Massachusetts Daily Collegian

A free and responsible press serving the UMass community since 1890

A free and responsible press serving the UMass community since 1890

Massachusetts Daily Collegian

A free and responsible press serving the UMass community since 1890

Massachusetts Daily Collegian

Nobody likes Obamacare

 

Courtesy of Wikimedia Commons
Courtesy of Wikimedia Commons

Recently there has been a torrent of columns, articles and news stories which take aim at the failings of the Patient Protection and Affordable Care Act. They predict the ultimate doom of the system that only actually took effect on January 1; they loudly proclaim that Obamacare is not an effective solution, let alone a moral or just one. However, what sets this recent crop of anti-Obamacare journalism apart from the kind we’ve seen since the bill was introduced is its source: it is written by liberals.

Michael Moore for the New York Times, David Cay Johnston for Newsweek and Pearl Korn for Huffington Post, among others, have blasted Obamacare, seeking instead to replace it with a single-payer, universal healthcare system similar to those found in many other developed nations.

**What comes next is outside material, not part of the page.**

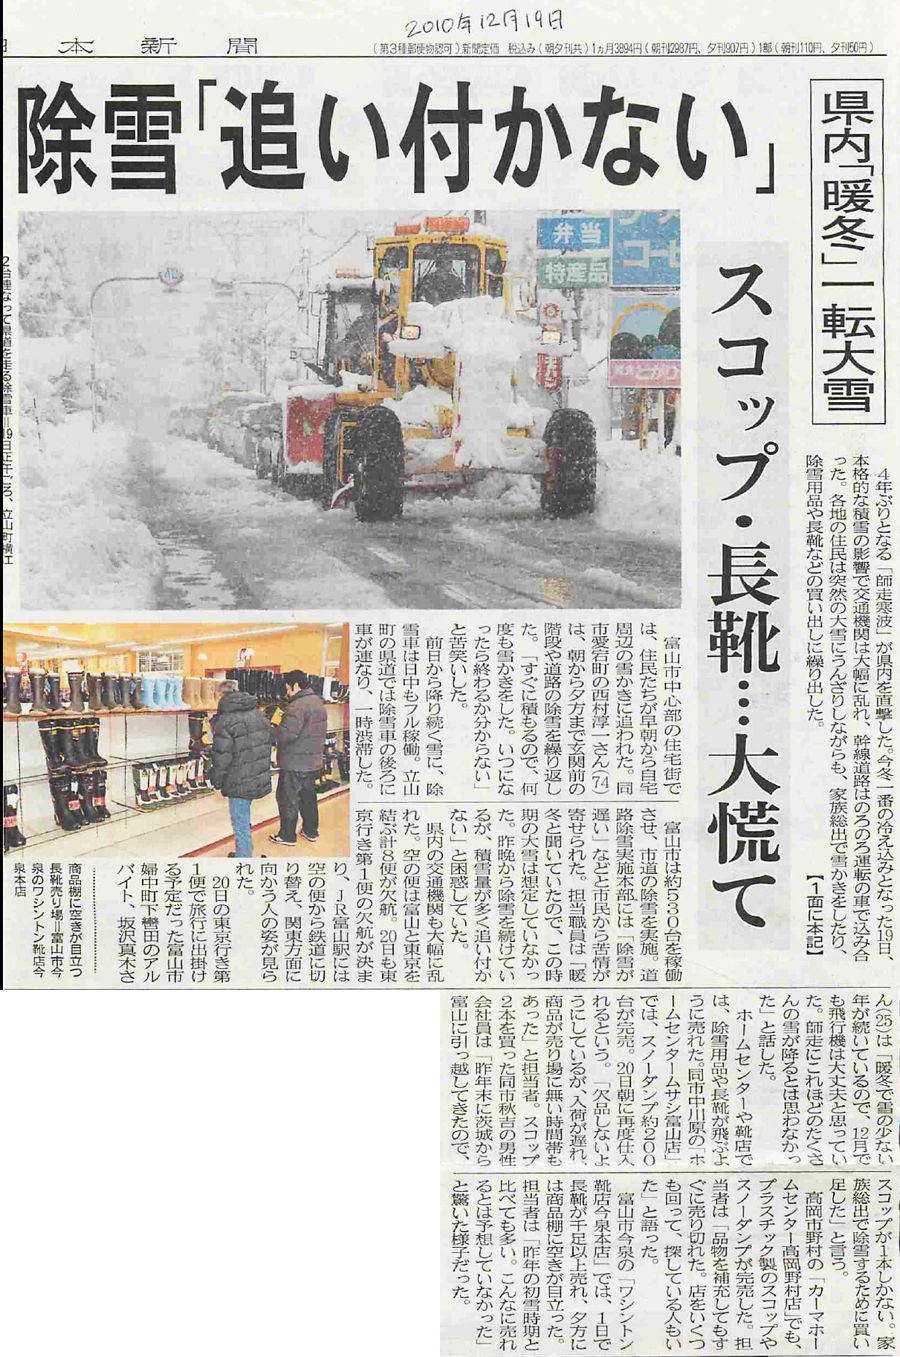 北日本新聞2010年12月19日「スコップ・長靴…大慌て」

With the final withdrawal of the liberals, Obamacare now has no political supporters to defend it other than the President’s own administration. Political conservatives have hated it from the get-go, liberals now publicly want to switch systems entirely in favor of single-payer, and the center (already a neglected policy bloc) just sees a massive mess of a system, and it is right. Our healthcare system is a bizarre abomination that primarily relies on employers to provide care to their employees, has varying inconsistent levels of state-provided care and yet also has such an incredible number of restrictions that it bears no resemblance to a free market.

It is a mess, but how did we get here? Who actually wanted this system in the first place?

No one. Conservatives have always been for free-market healthcare, liberals have always been for state-run healthcare and the respective political parties they use to achieve their political ends have consistently stuck to this dichotomy. Healthcare has been, and will most assuredly continue to be, a major battleground of modern politics. It is by far the most clear-cut example of the fight over the role of government in citizens’ everyday lives in today’s political climate, one that is exacerbated by the fact that the current system is burdensome, inconvenient and absurdly expensive. Republicans and Democrats disagree on quite a lot of issues, but in no other case is the existing system so incomprehensibly terrible that it is a problem that must be tackled to ensure the future of the U.S. economy.

Compared to healthcare, social security is a simple fix, green energy is a minor disagreement and gay rights is a walk in the park. All three are important issues which weigh heavily on the minds of politically-minded individuals and consistently are the subject of movements and campaigns, but none of them threatens to derail the entire economy of the United States of America. Despite healthcare’s pressing importance and desperate need for reform, unlike the other issues, it’s not making progress, because the two sides are so far apart on this issue that a compromise to specifically iron out the existing difficulties of the system simply cannot happen.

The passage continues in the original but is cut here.